La France paye ses errances politiques depuis 60 ans, le conservatisme idéologique des administrateurs sur ces sujets et surtout l’éloignement de l’État français avec le terrain et les populations africaines. On assiste à la fin de la Françafrique, tant mieux, et rien n’aurait pu l’en empêcher, pas même Emmanuel Macron. C’est le sens de l’histoire. En n’intervenant pas au Niger, la France, la France pourrait améliorer par la suite sa relation avec le Niger. La rupture devait se faire, elle est douloureuse mais pas si handicapante, au contraire. Il fallait couper cette relation malsaine.
La France ne dépend pas du Niger, y compris en ce qui concerne l’uranium. Le Niger est le troisième fournisseur en uranium, que la France lui achète à un prix supérieur au marché. C’est une faveur que l’on fait à ce pays tout comme les prêts qu’on lui concède et qui font perdre de l’argent à la France. Ce n’est pas le cas des prêts accordés au Brésil par exemple. Enfin, il faut rappeler que la France via l’Agence française de développement (AFD) alloue environ 800 millions d’euros et l’aide internationale représente 55% du budget de l’État du Niger.
Ne surestime-t-on pas parfois l’influence de la Russie dans la région?
Pour la Russie c’est plus subtil, il y a depuis le 24 juin dernier une réelle dualité entre Wagner, d’Evguei Prigogine et la Russie de Vladimir Poutine. D’ailleurs, il faut noter que la Russie a condamné le putsch -on peut le comprendre compte tenu de ce qu’a lui-même vécu Vladimir Poutine- tandis que le patron de Wagner s’est exprimé pour soutenir les putschistes. Les drapeaux russes dans cette affaire nigérienne ont été distribués de façon totalement opportuniste, à la dernière minute, par les hommes de Wagner sur place. Il n’y a aucun lien avec le déroulé du coup d’État. Il convient d’être prudent et je suis totalement en désaccord avec l’analyse portée par quelques collègues qui affirment que c’est la résultante du groupe paramilitaire. Ce serait leur donner plus de force qu’ils n’en ont pas réellement et cela participe à leur propre promotion.

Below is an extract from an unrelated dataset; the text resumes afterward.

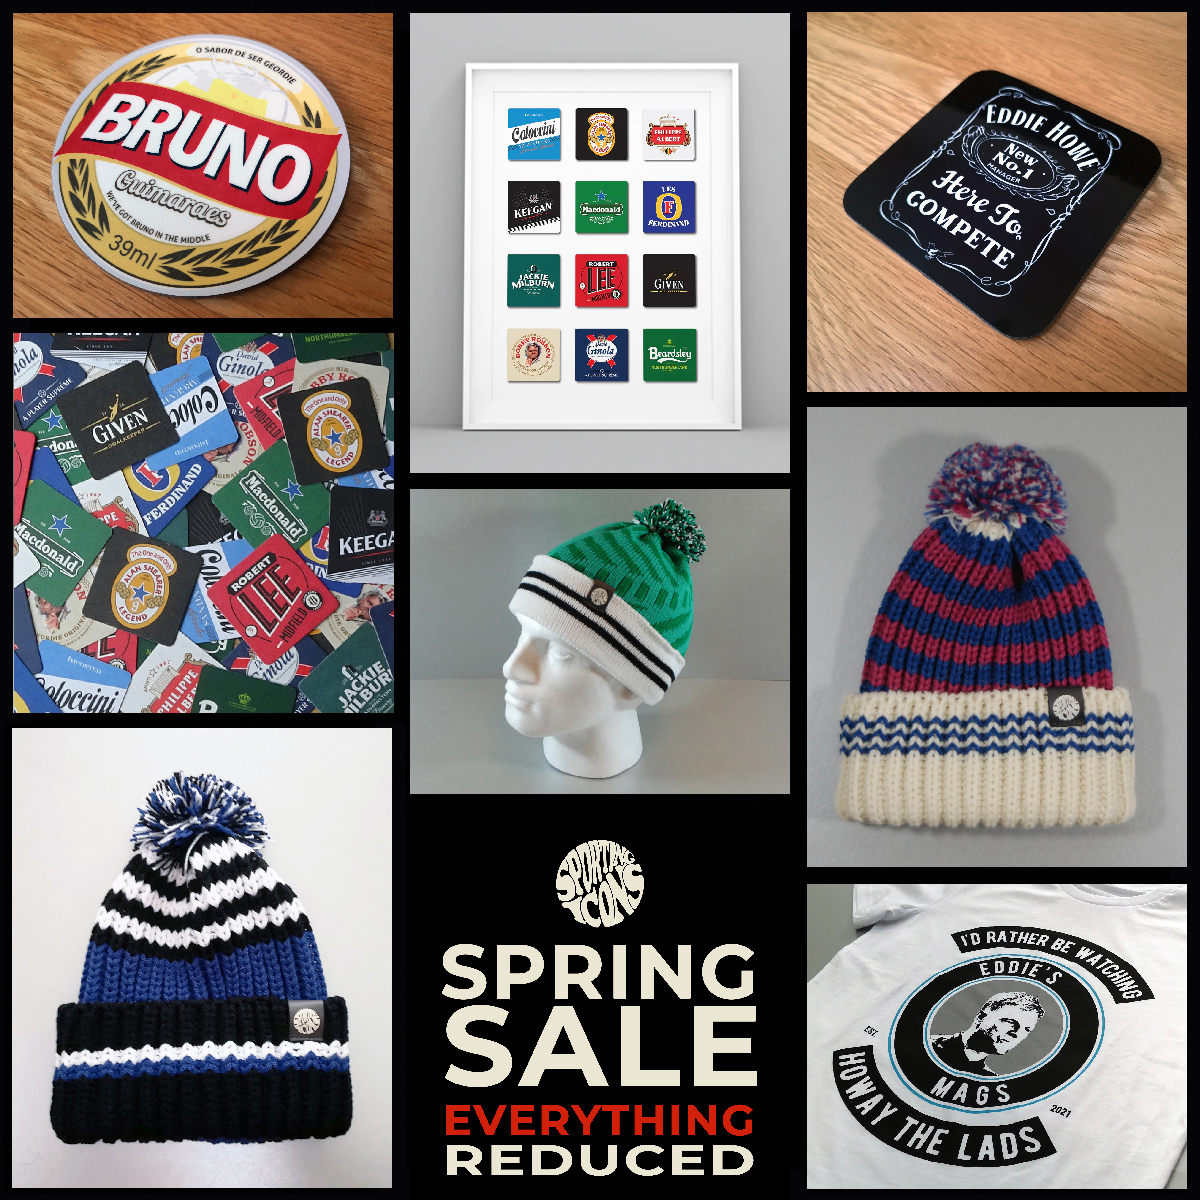 #NUFC fans, check out our Spring Sale. 🔥 Every Item Reduced 🔥 Huge Discounts 🔥 Limited Editions sportingicons.co.uk/collections/ne… #NewcastleUnited #NUFC #ToonArmy #HWTL #Mags #NEWTOT

Pour autant, la Russie influe-t-elle de la même manière au Niger qu’au Mali ou ailleurs?
Non avant le coup d’État, la présence de Wagner au Niger avait été localisée comme étant «en repérage» certainement à la recherche du maillon faible pour une prochaine présence. Au Mali c’est totalement différent, les éléments de Wagner ne se cachent pas, au contraire et ils y sont comme chez eux. Il faut rappeler qu’avant le putsch, le président Bazoum était l’allié stratégique de la France. Ce qu’il faut donc comprendre, c’est que du côté de l’État, la Russie n’avait aucune prise. Néanmoins sur les réseaux sociaux et à la radio -via des messages de propagande- Wagner était en première ligne, contrairement au pouvoir russe.